You, your friends, your relatives – every U.S. citizen has the First Amendment right to petition the government to change laws under the constitution.
Voters have the chance this fall to decide if the petition process in Colorado needs additional rules.
Amendment 38 would amend the state constitution to allow petitioners to challenge any elected official decision, from school board to special district. It also would allow petitioners an additional year to collect signatures. They currently have six months.
Supporters say it makes rules for petitioning more fair, simple and uniform.
Opponents say Amendment 38 would take away too many government checks and balances and gives petitioners carte blanche over traditional representative government in which elected officials make virtually all decisions.

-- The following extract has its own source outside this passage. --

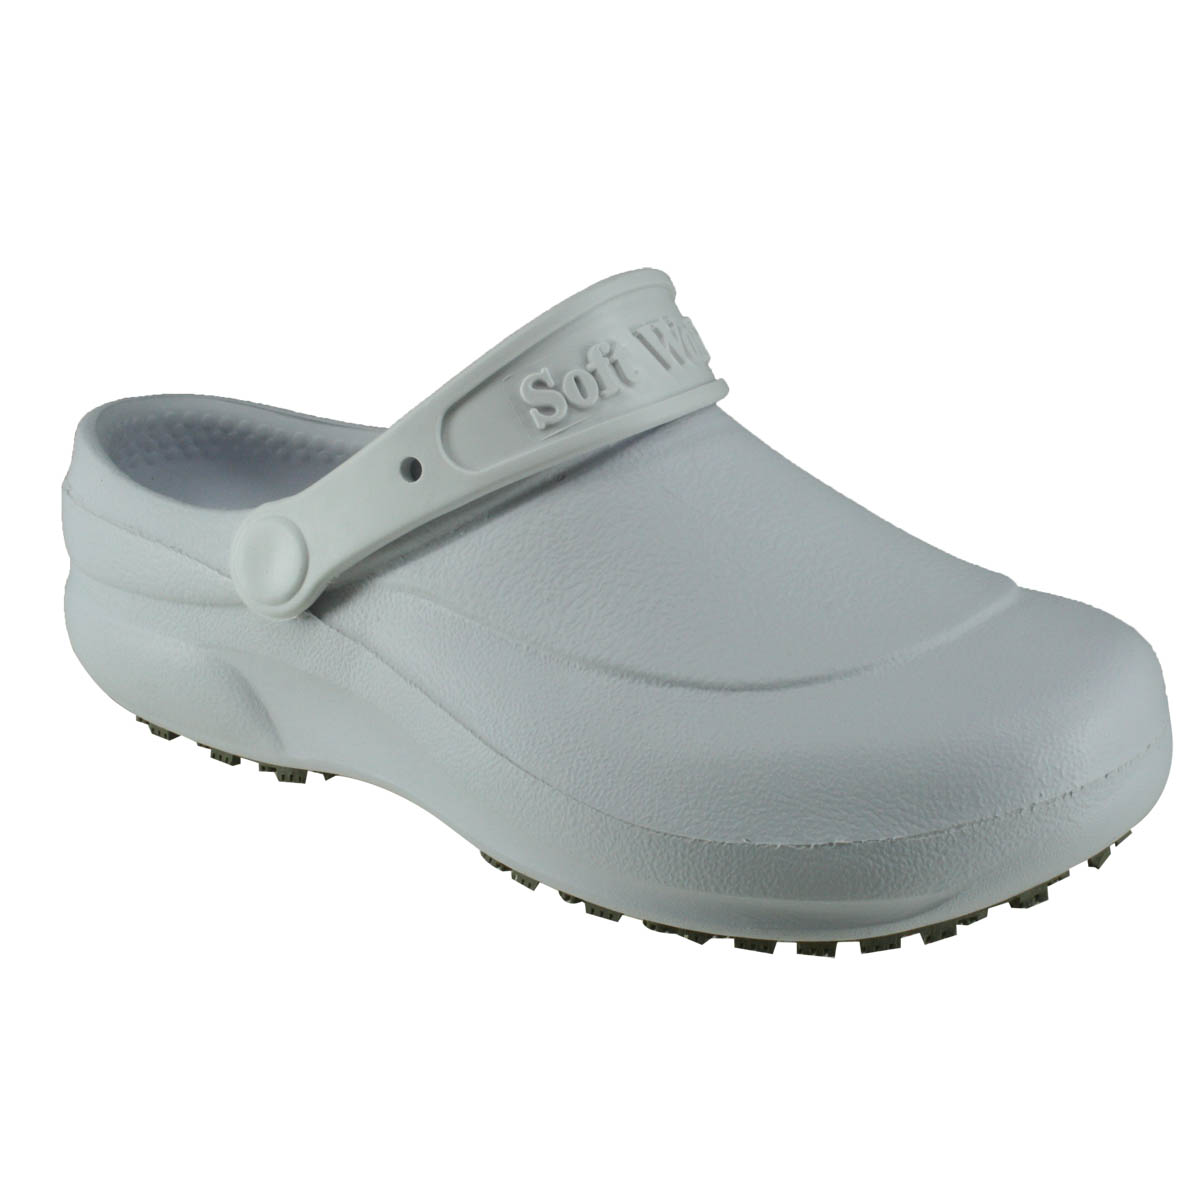 8a28bcae6f Sapato em EVA babuch modelo bb60 branco tipo sandalia soft works

“It allows petitioners to hold government hostage,” said Bill Ray, a spokesman for Coloradans for Responsible Reform, a group which opposes the measure. “You have, basically, a group of people for their living, their hobby, they petition things on the ballot.”
A Petition Rights Amendment spokesman did not return calls and an e-mail request for comment. Amendment 38 will save taxpayers money, according to the website,
“No candidate can credibly claim to support political reform yet oppose the main vehicle for grassroots political change in Colorado,” Doug Campbell, a proponent, said in a press release posted on the web site.
Political activist Douglas Bruce is a supporter of the Petition Rights Amendment, according to the group’s web site PRA2006.com. Bruce’s Taxpayer Bill of Rights, or TABOR, was passed by voters in 1992, a statewide constitutional amendment that curbed the power of elected officials to raise taxes.
“The real goal of petition haters is to keep us from reforming government,” Bruce said in a letter posted on the Petition Rights Amendment’s web site.
Voters turned down similar petition amendments in 1994 and 1996, Ray said.